In episode they viewed it as merely a correction from disease using a novel transporter technique. It's not standard and is never mentioned again; aside from the freak accident (way too many of these lol) that turned Picard and Co. into children.
Again, the fact that a handful of episodes showing that crazy miracles can be accomplished merely by the press of a button on the transporter console does not establish that these miracles are done routinely; in fact all exposition states otherwise; that such tinkering with transporter technology generally incurs failure EXCEPT when conveniently required by the plot of the episode in question. ;)
Except it's repeatable. They can do it again and again. They did it in Rascals, too. That kind of technology would fundamentally change society on every level. Death would no longer be absolute.
 
Death would no longer be absolute.
We don't know that. We don't know that there aren't ill-effects from repeated use that are nevertheless survivable from only a few exposures. It would be easy enough for a writer to make up a reason why the procedure couldn't be done indefinitely.

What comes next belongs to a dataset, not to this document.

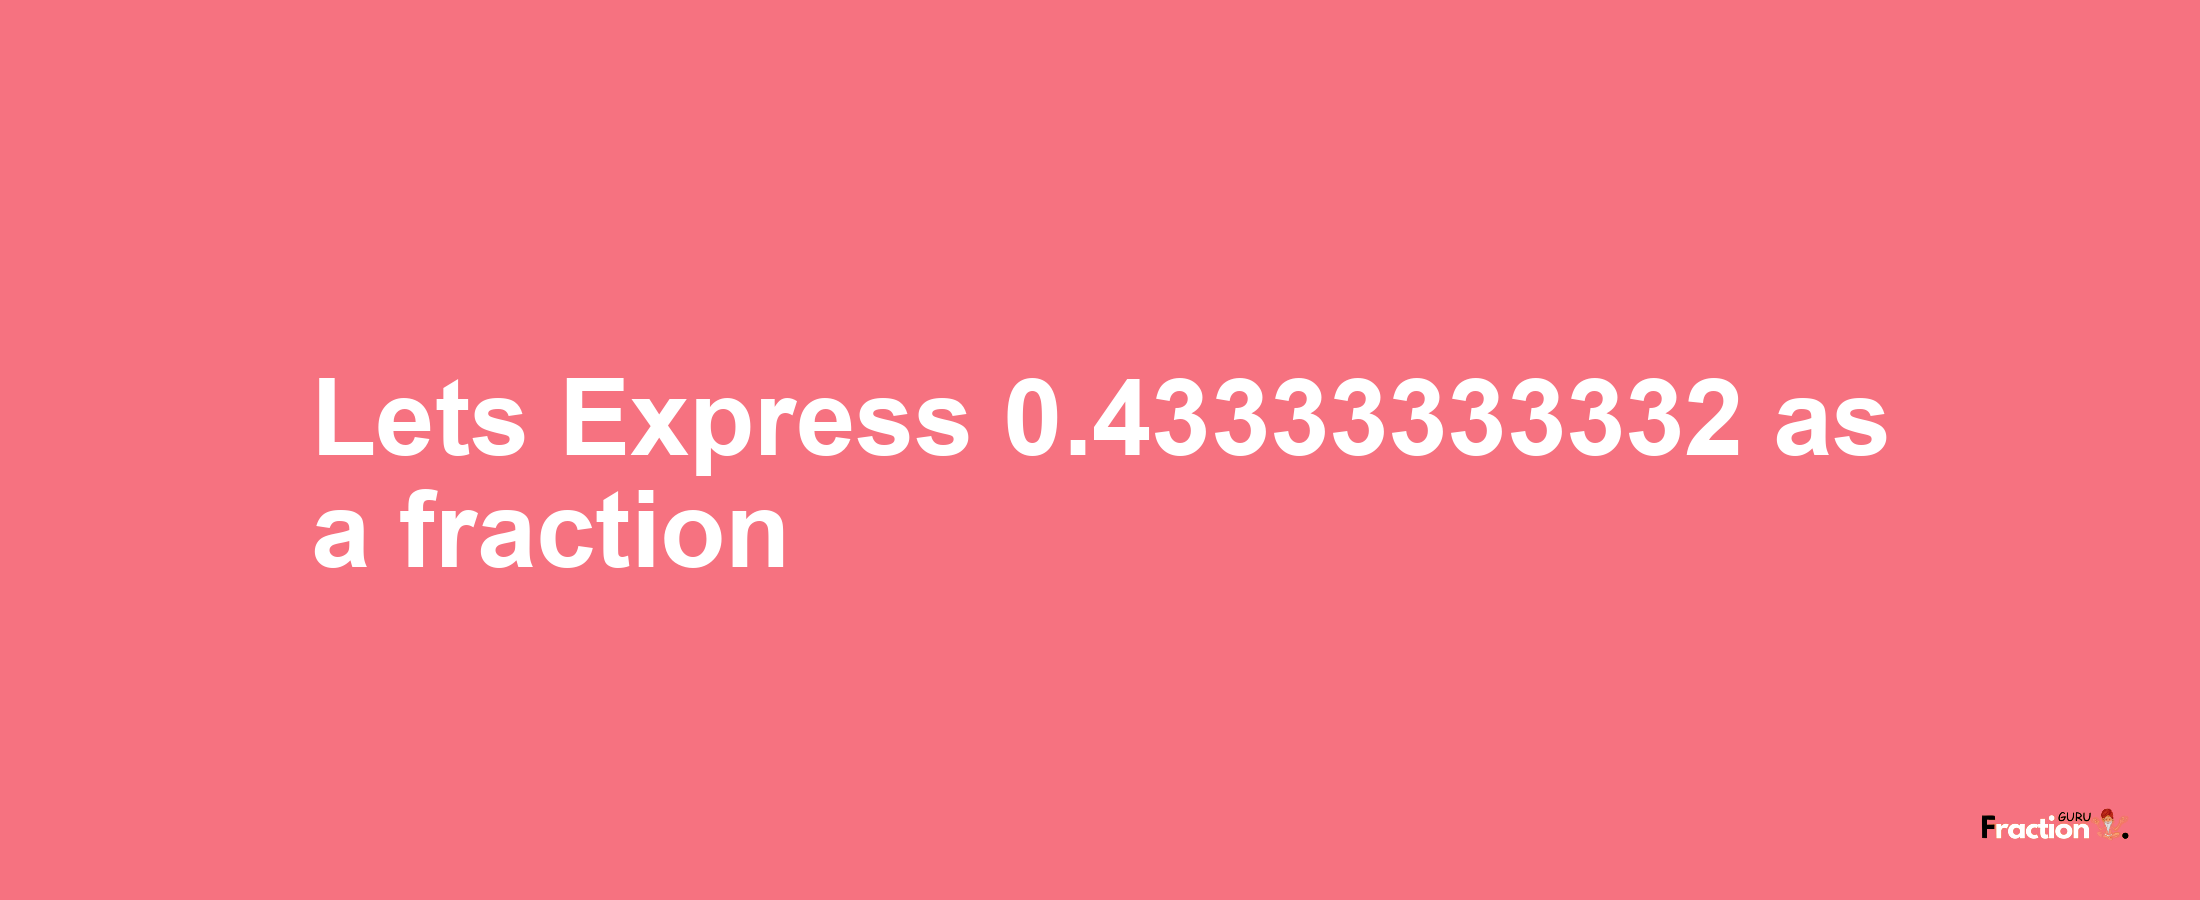 Lets Express 0.43333333332 as afraction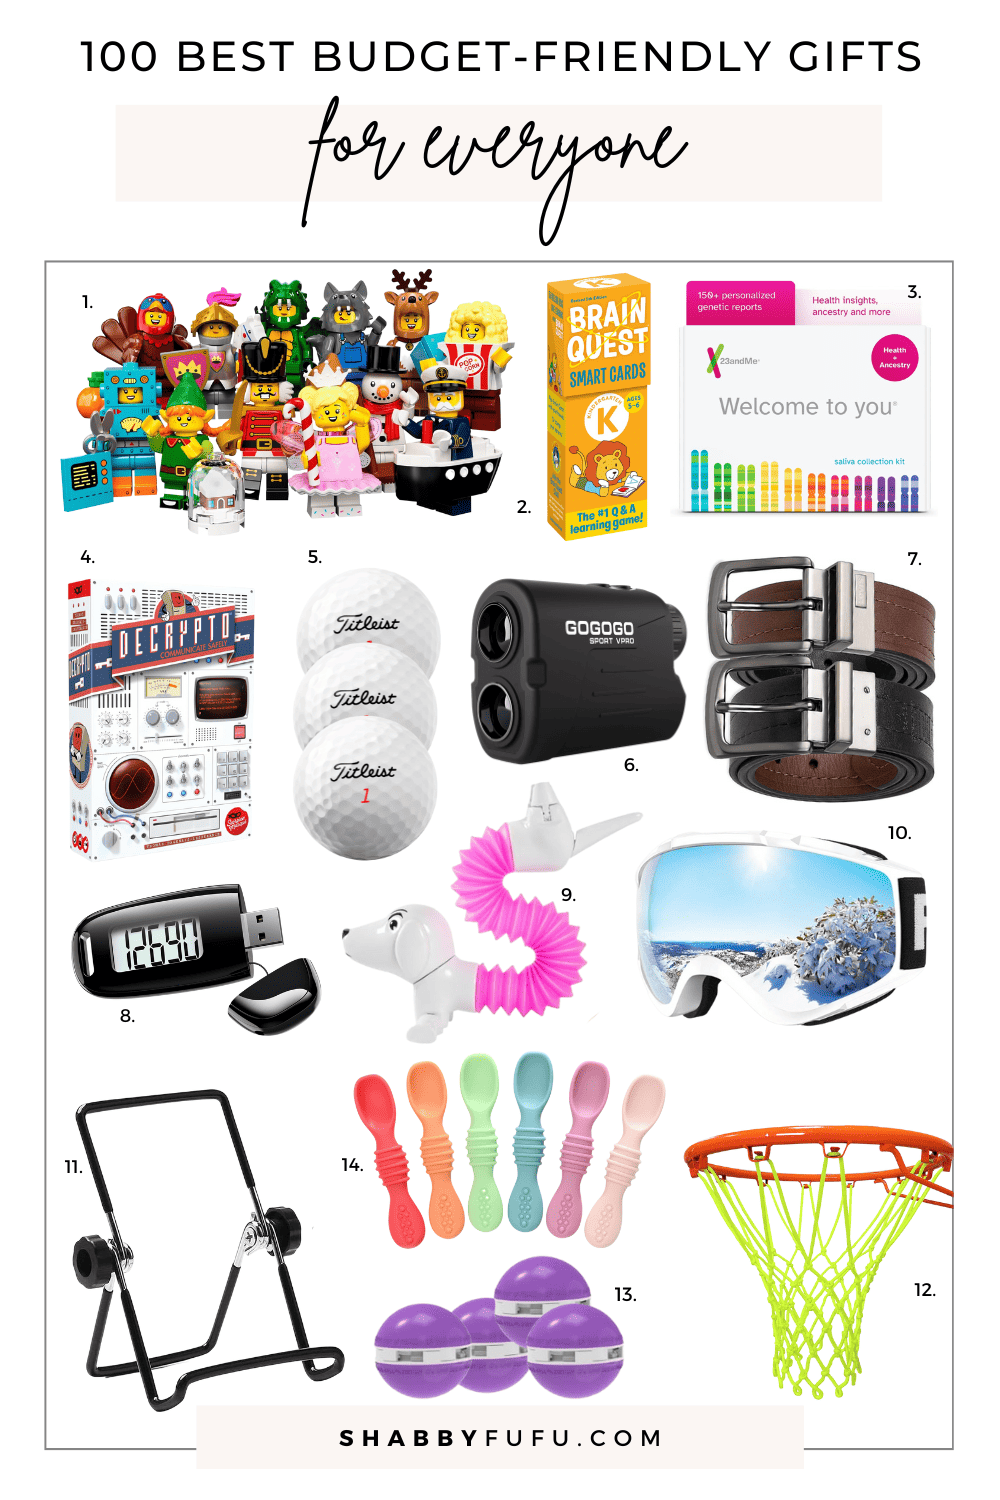 Collage image featuring different products titled "100 Best Budget-Friendly Holiday Gift Ideas For Everyone!"

Just as one example from canon, take the Elway-type folded-space transporters used by the Rutian terrorists in "The High Ground." The TNG crew could survive a few dimensional shifts, but repeated use would eventually result in a terminal condition caused by irreparable warping of DNA and distorted cellular chemistry.

As another related example, Pulaski mentioned the problem of "replicative fading" in "Up the Long Ladder," the accumulation of replication errors that limits the number of clone generations, which was why the Mariposan colony of clones could no longer survive without an infusion of fresh DNA.
 
The Orville may not have transporters but they do have replicators. We actually see a replicator room, where they make the 'zipper jacket' a couple episodes ago. So they have the tech to change energy into matter. My guess is, that they probably can transport things if they had to, but not anything biological.

It could also be that they can't reintegrate energy to matter with out some type of receiver on the other end. This bugged me in Star Trek is how the patterns turned back into matter on a planet (or anywhere) without a mechanism to perform that task, or how they could be beamed up from anywhere without a device breaking the matter down. The movie the Fly makes more sense since there is a pod at both ends

Orville has holodeck (or simulator they call it) , but they could be just using force fields, we don't know if they convert energy to matter (and vice-versa).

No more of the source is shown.